WHAT YOU WILL DO =
Among the entries below, take the line with "Thailand Bangkok Wat Phra Kraisi Tempel" and the line with "Jeremy Clarkson: O", and output them and every line between them exactly, with nothing else.

LISTED RECORDS =
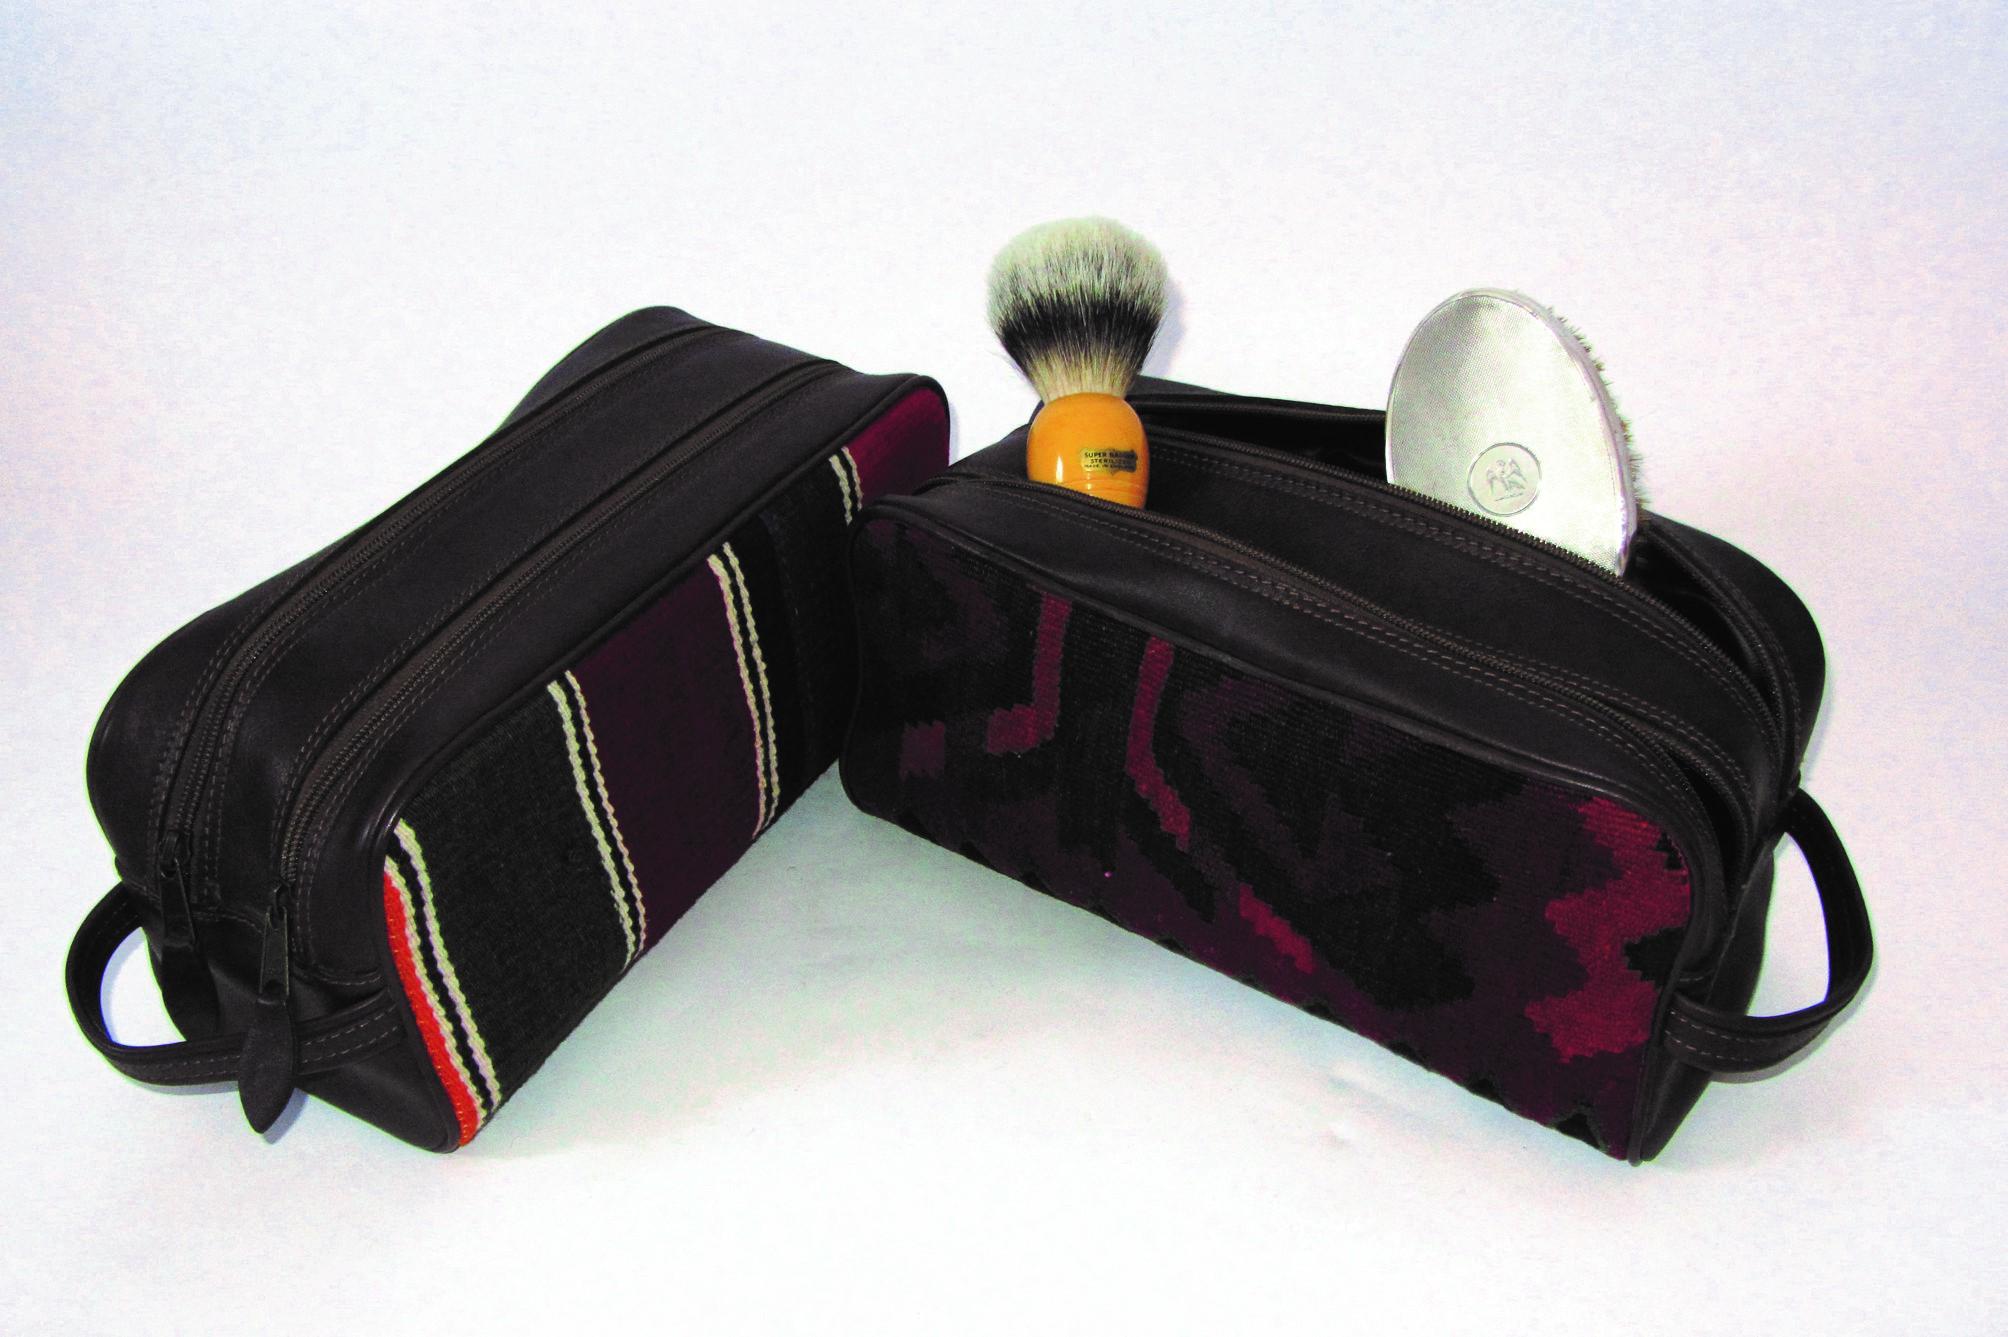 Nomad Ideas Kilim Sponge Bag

---

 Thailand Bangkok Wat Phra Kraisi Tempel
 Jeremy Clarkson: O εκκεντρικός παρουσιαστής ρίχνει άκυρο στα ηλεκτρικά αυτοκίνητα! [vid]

...

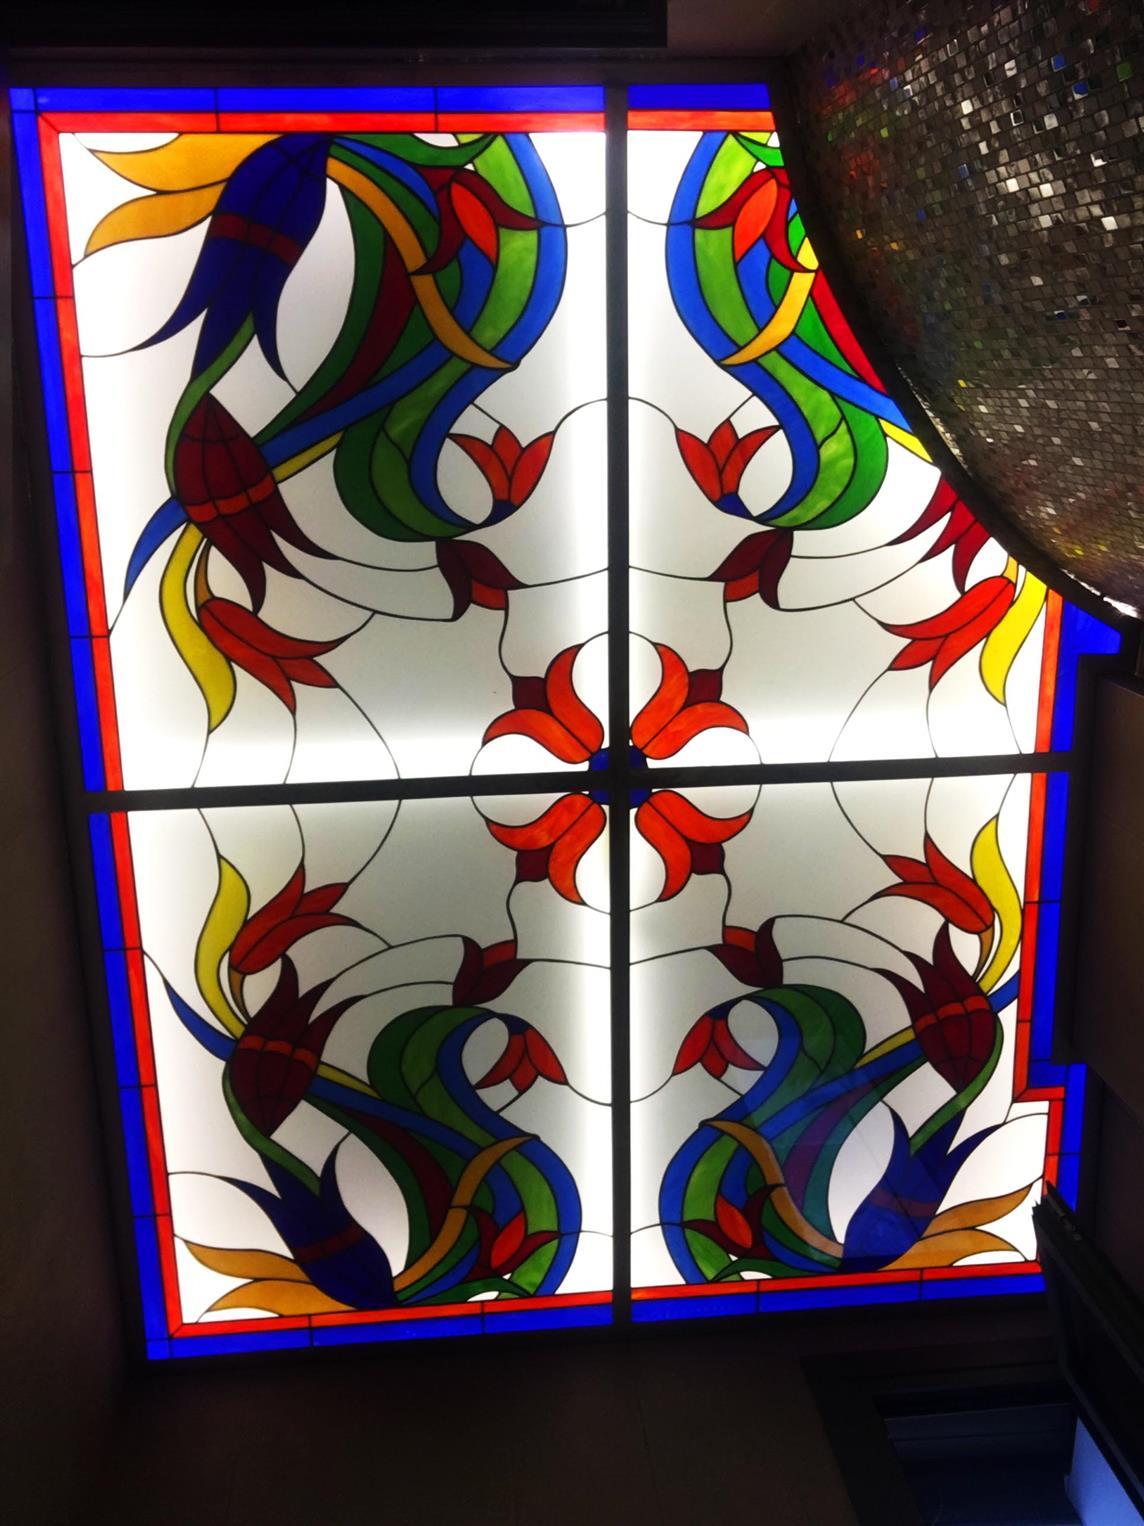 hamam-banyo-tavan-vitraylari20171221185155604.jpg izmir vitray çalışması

YOUR SOLUTION =
 Thailand Bangkok Wat Phra Kraisi Tempel
 Jeremy Clarkson: O εκκεντρικός παρουσιαστής ρίχνει άκυρο στα ηλεκτρικά αυτοκίνητα! [vid]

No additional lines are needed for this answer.